Instructions to follow:
At the line containing "Harley Davidson And", begin an exact copy of the lines below and continue through the final one, with no pictures.

Provided data:
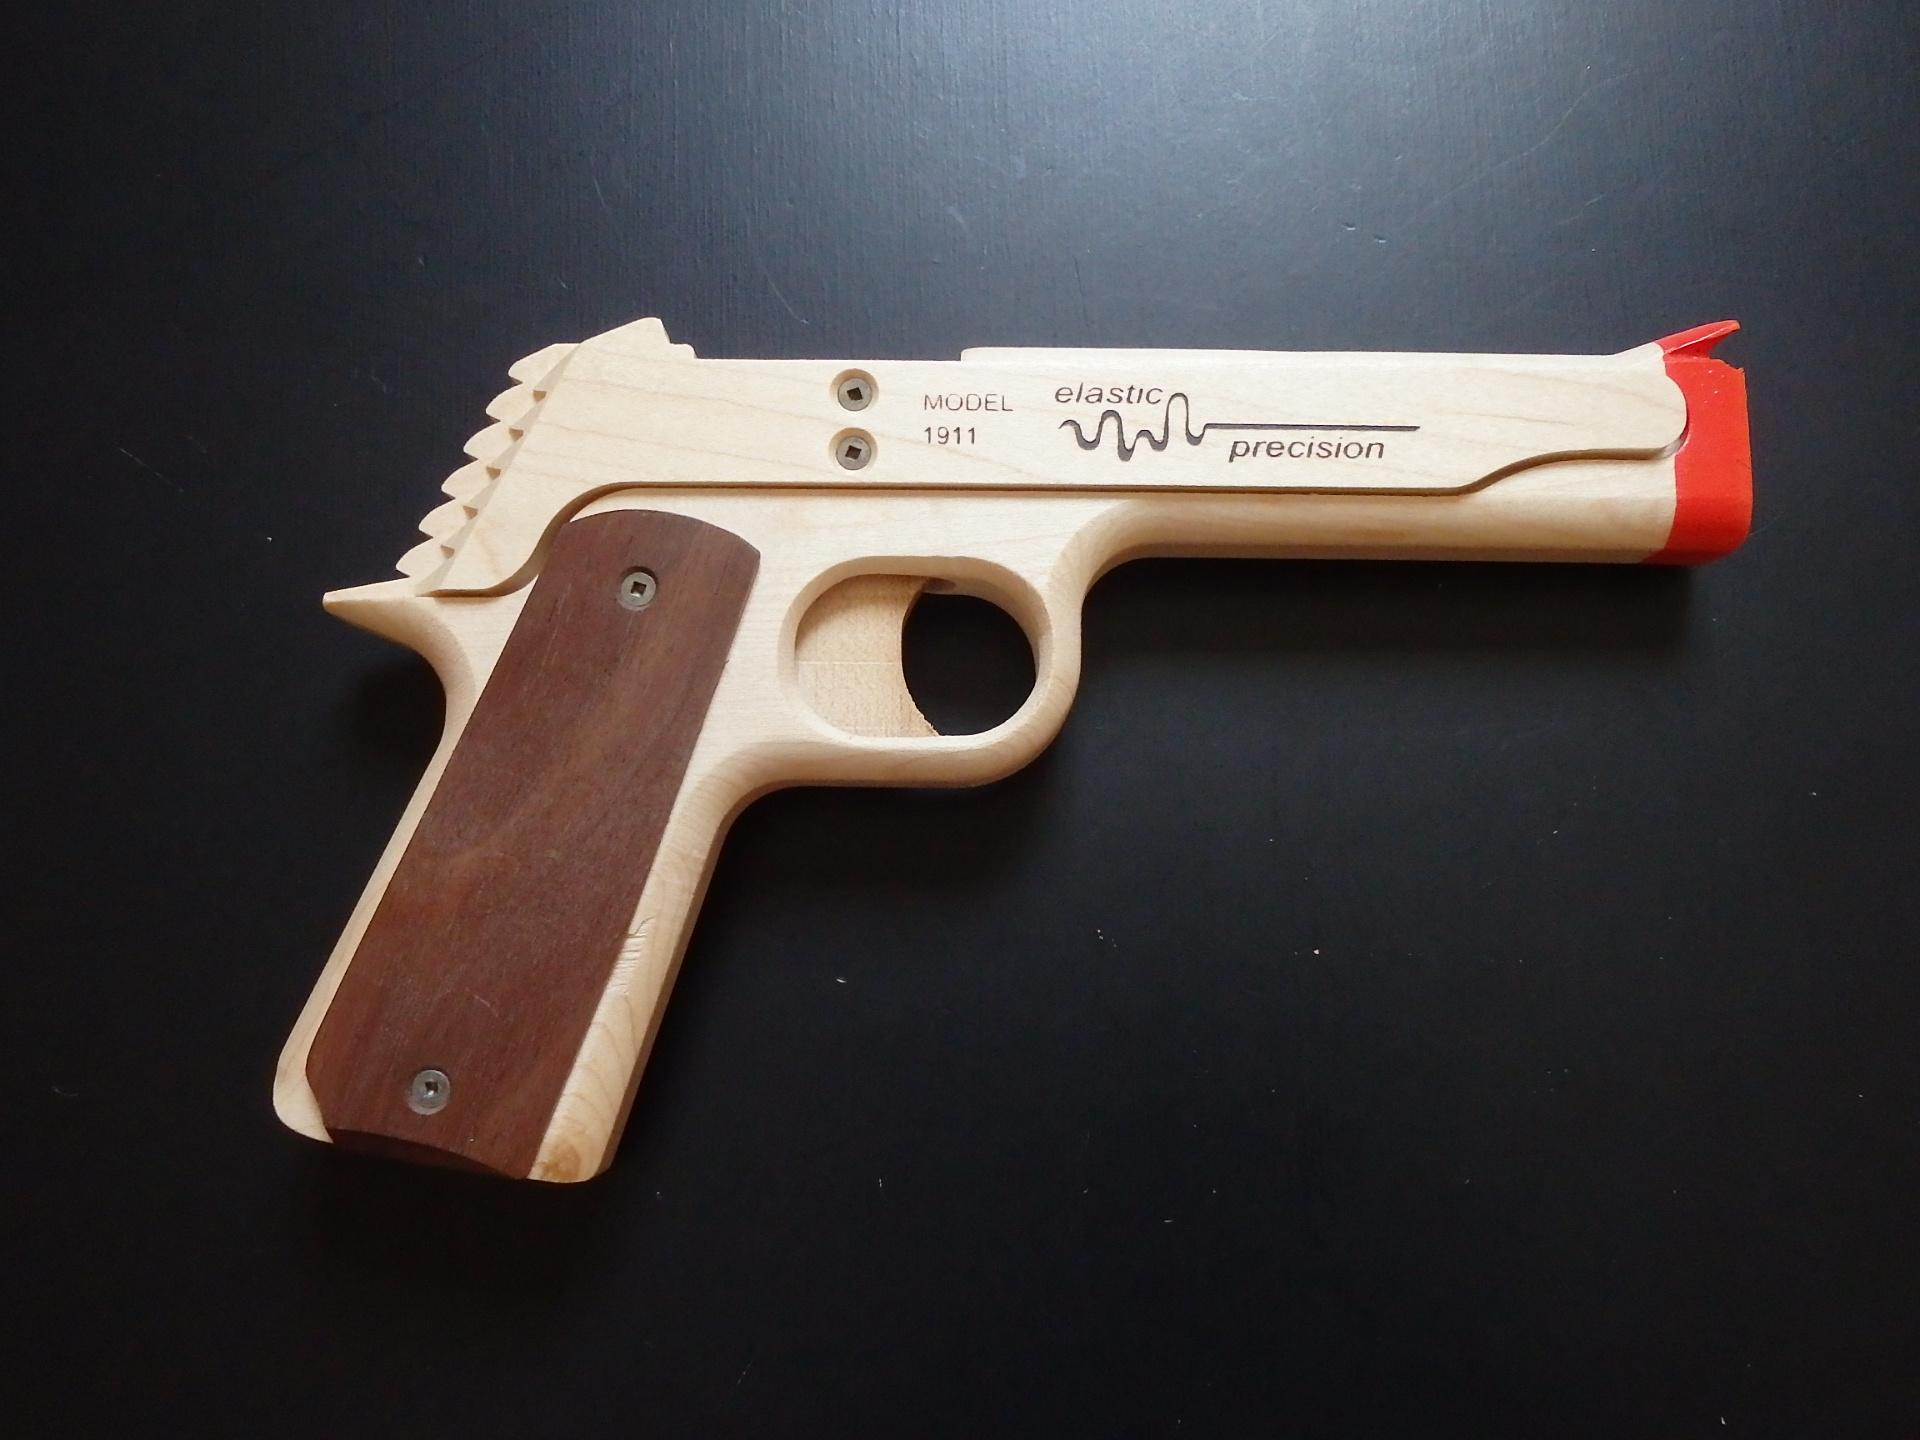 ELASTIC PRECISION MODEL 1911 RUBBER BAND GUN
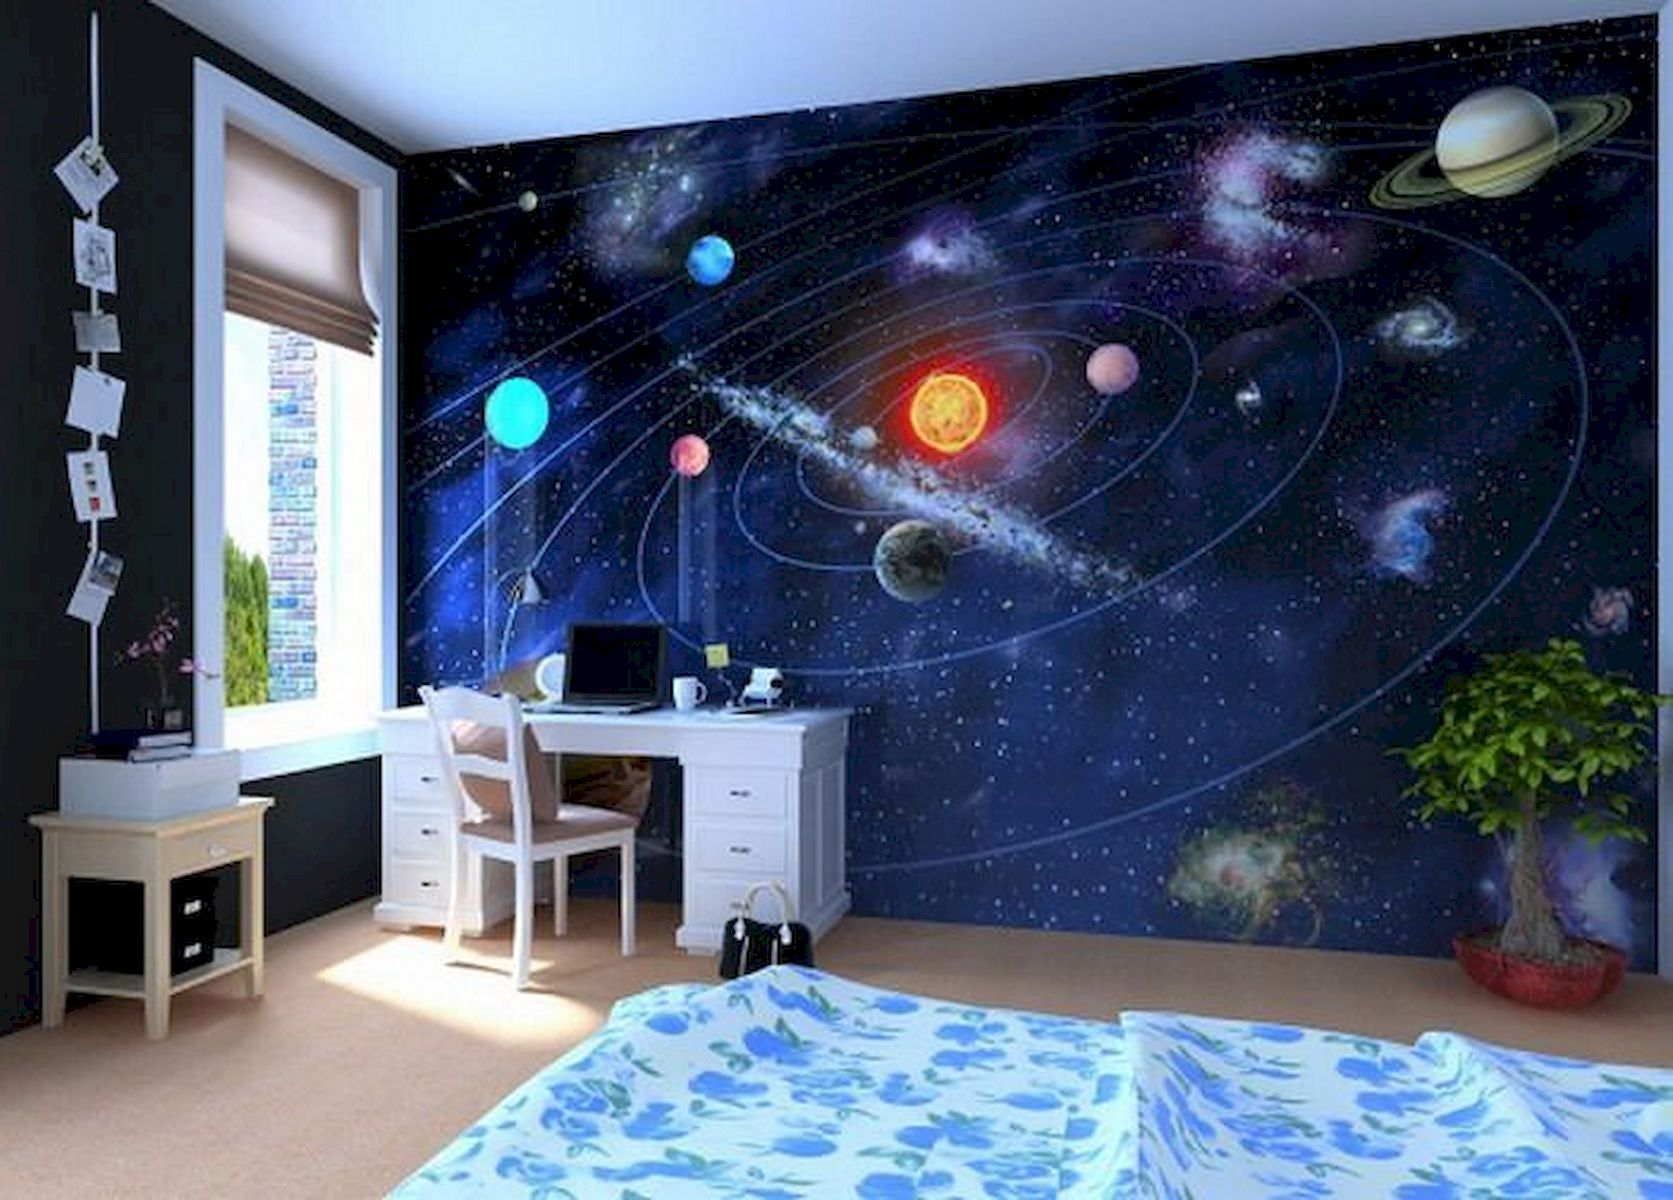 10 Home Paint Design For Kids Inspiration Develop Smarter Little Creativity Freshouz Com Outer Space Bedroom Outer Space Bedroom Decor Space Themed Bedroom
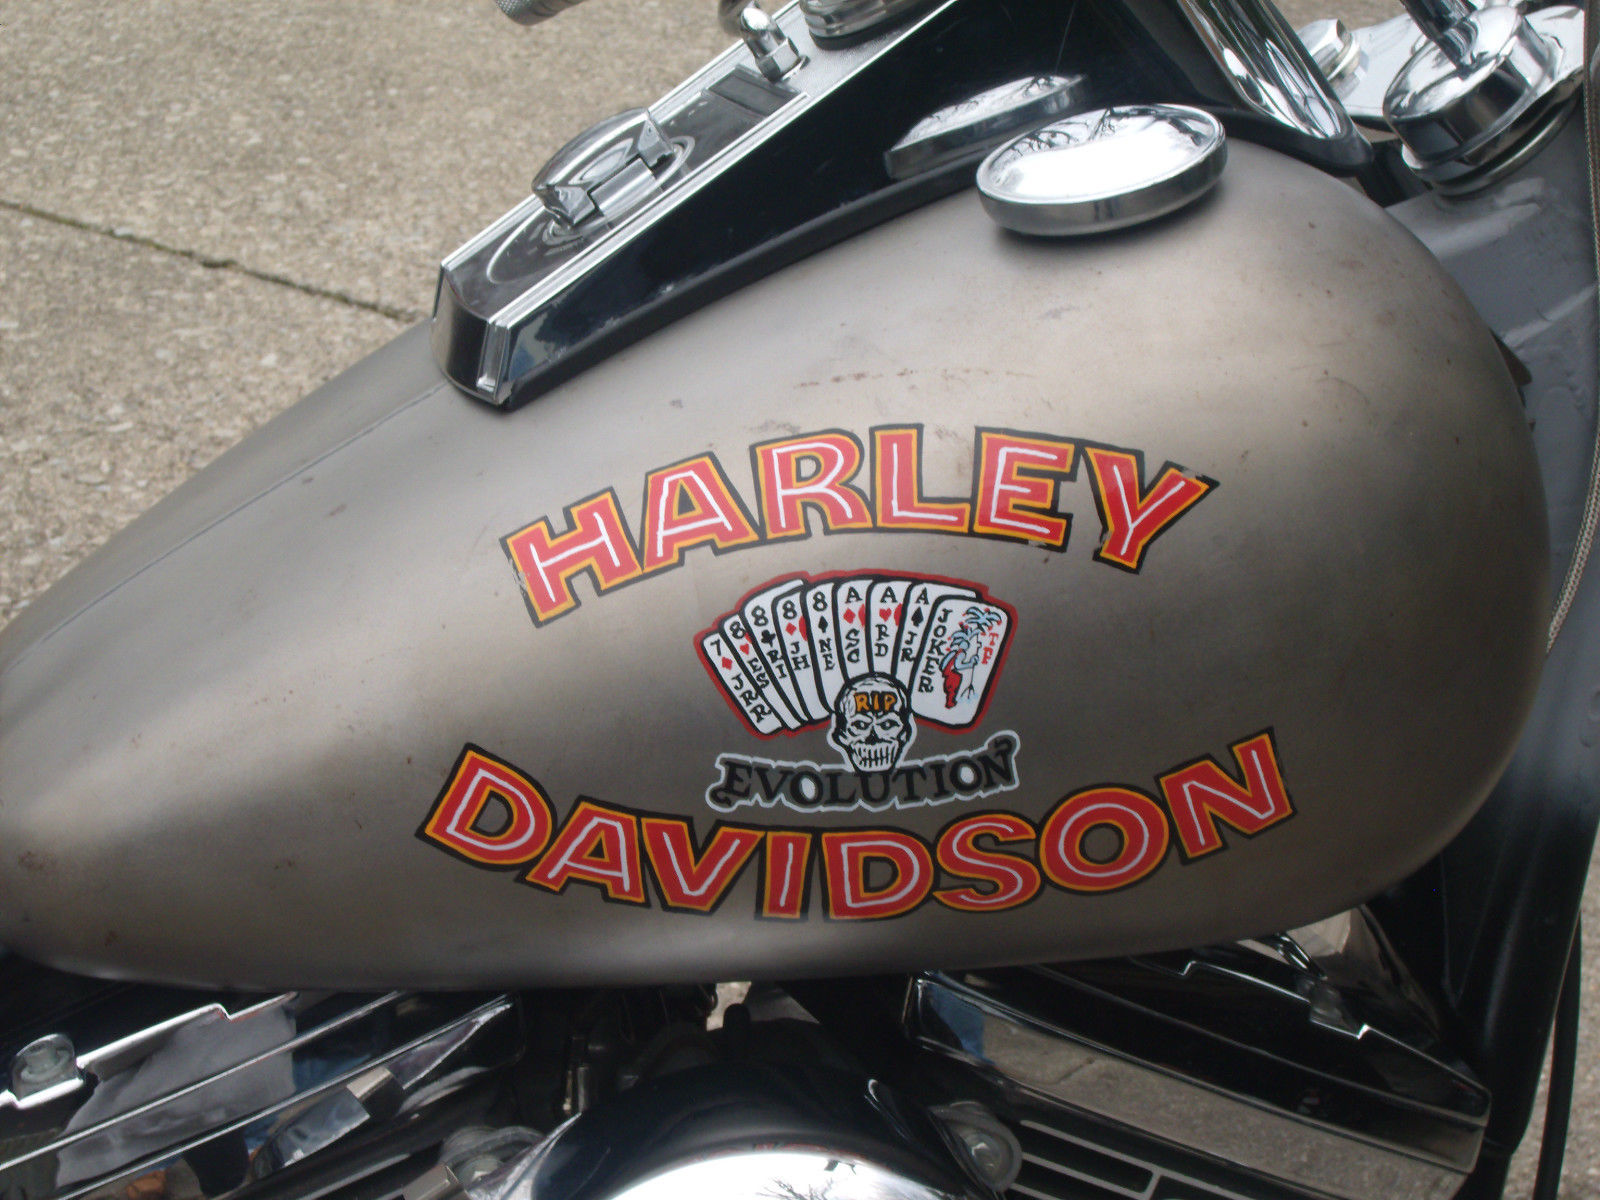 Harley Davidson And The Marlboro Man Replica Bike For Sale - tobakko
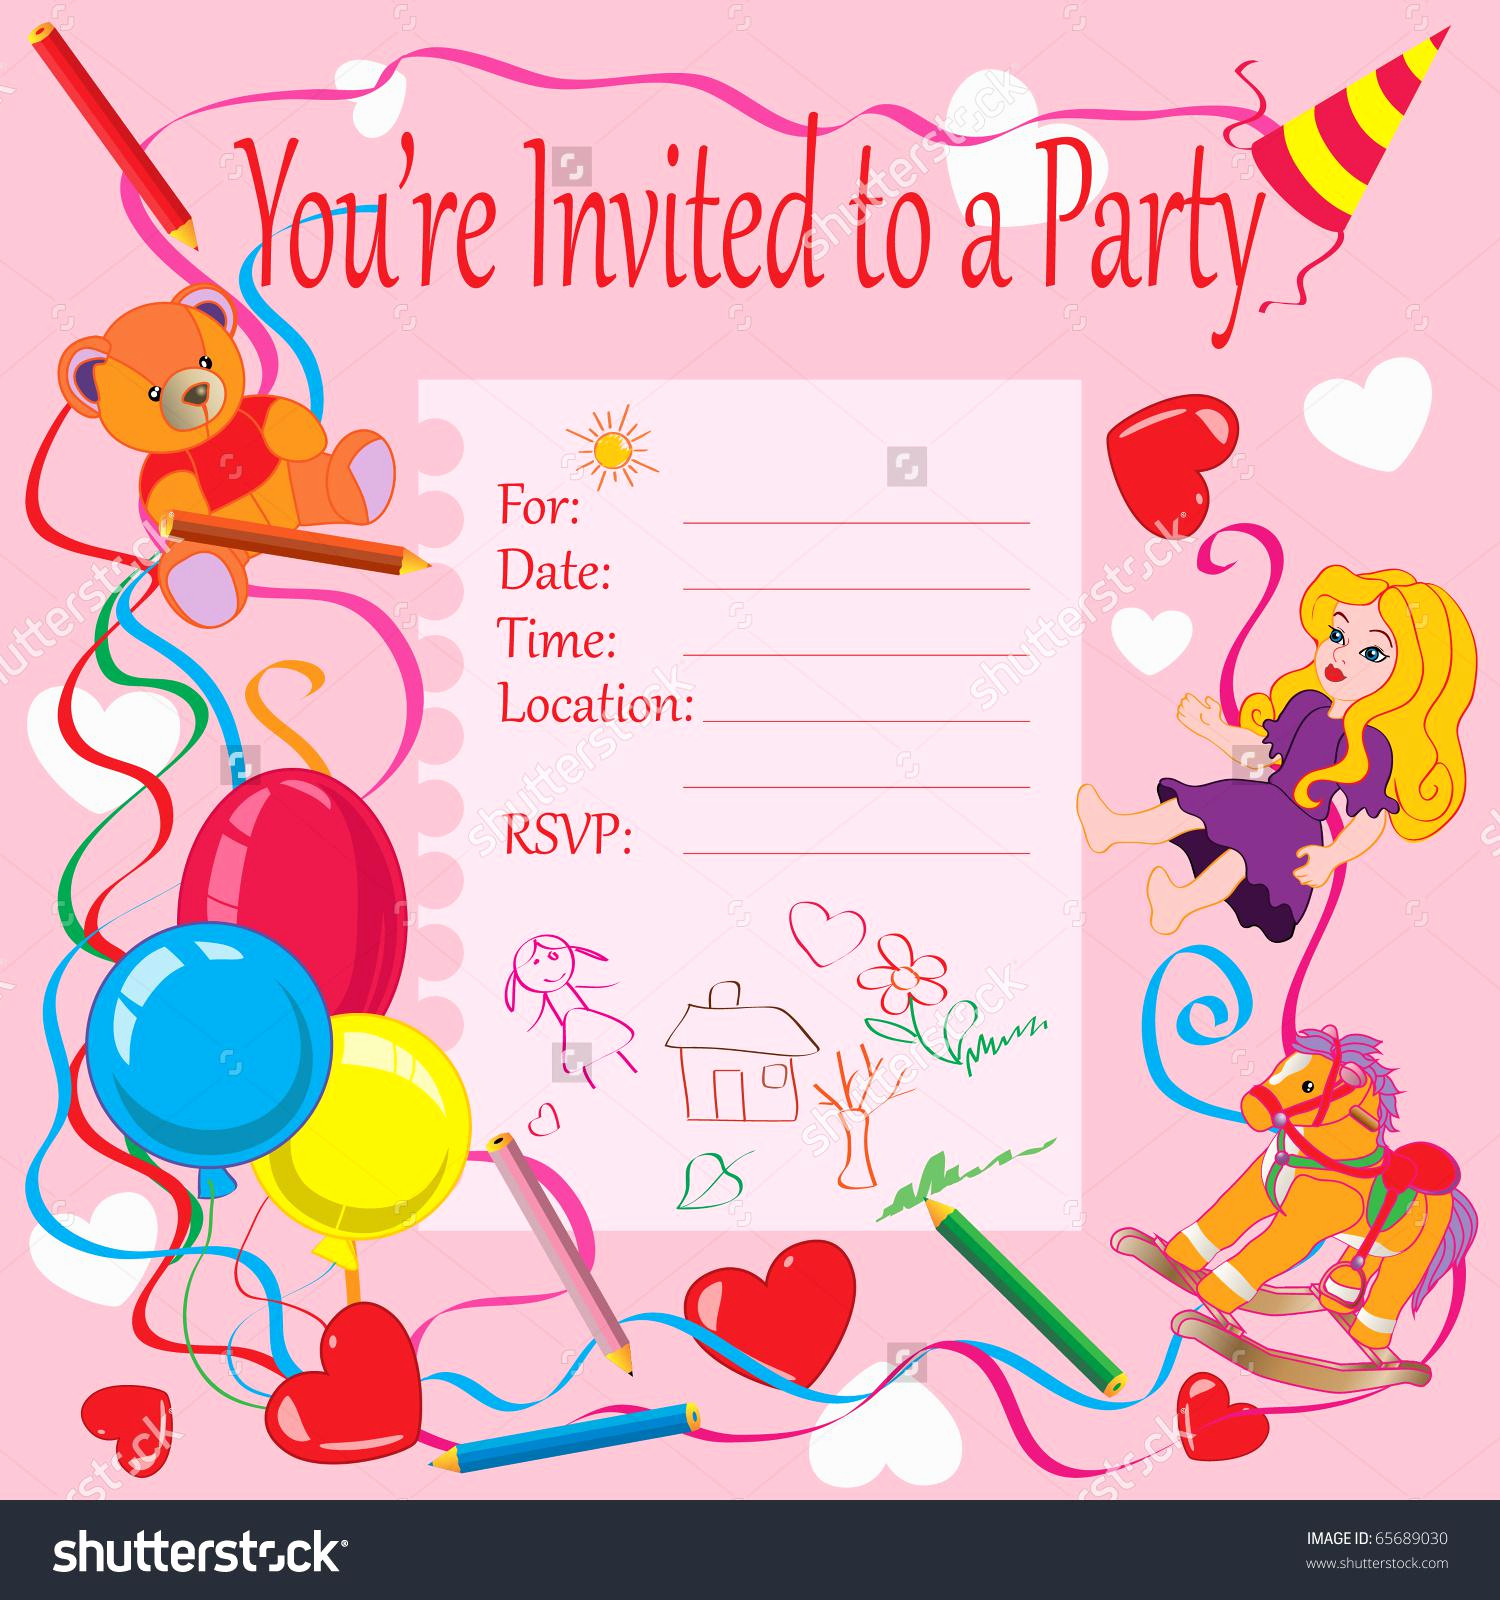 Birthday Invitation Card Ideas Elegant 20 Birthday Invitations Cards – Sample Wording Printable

Solution:
 Harley Davidson And The Marlboro Man Replica Bike For Sale - tobakko
 Birthday Invitation Card Ideas Elegant 20 Birthday Invitations Cards – Sample Wording Printable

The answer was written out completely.